Try it – Nothing but the lines from the one with "The links of" through the end of the listing below should appear in your reply, each copied exactly.

Provided data –

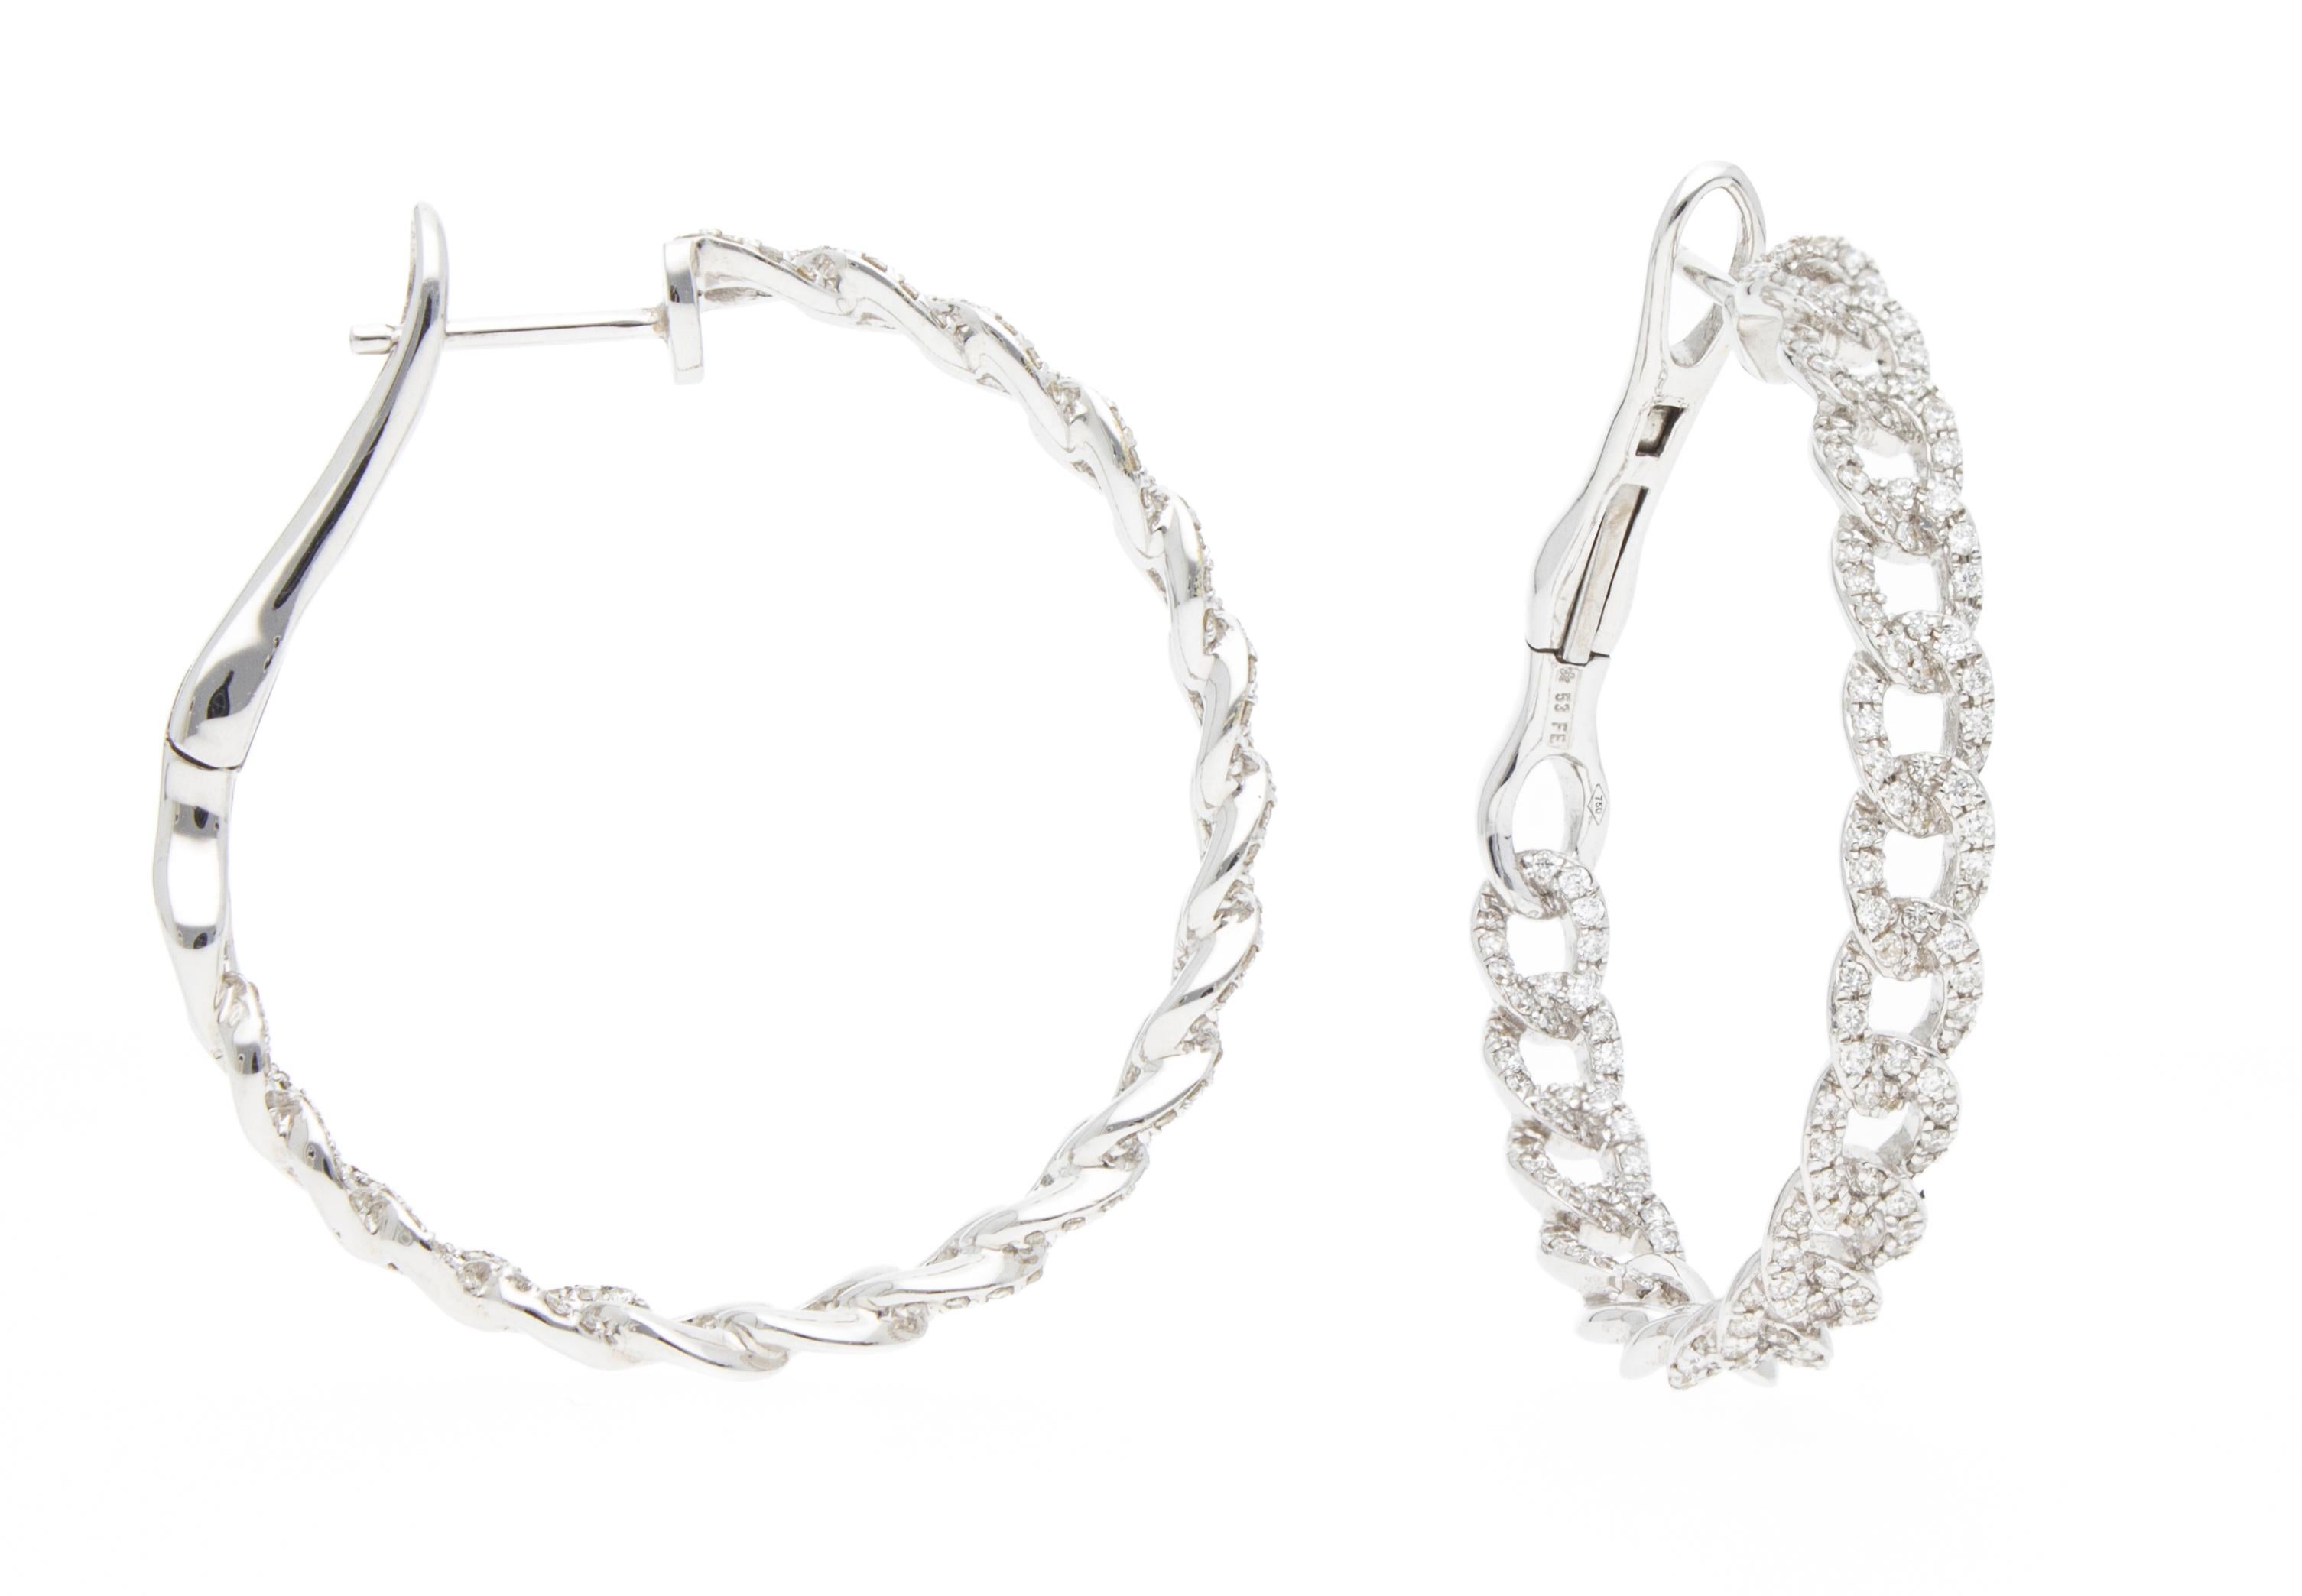 The earrings are in the shape of a circle.
The earring design is a circle shaped groumette chain. 
The links of the chain are set with 0.79 ct of diamonds. 
The diamonds are both on the outside of the hoop and on the inside, to allow the earrings to

Output for this exercise –
The links of the chain are set with 0.79 ct of diamonds. 
The diamonds are both on the outside of the hoop and on the inside, to allow the earrings to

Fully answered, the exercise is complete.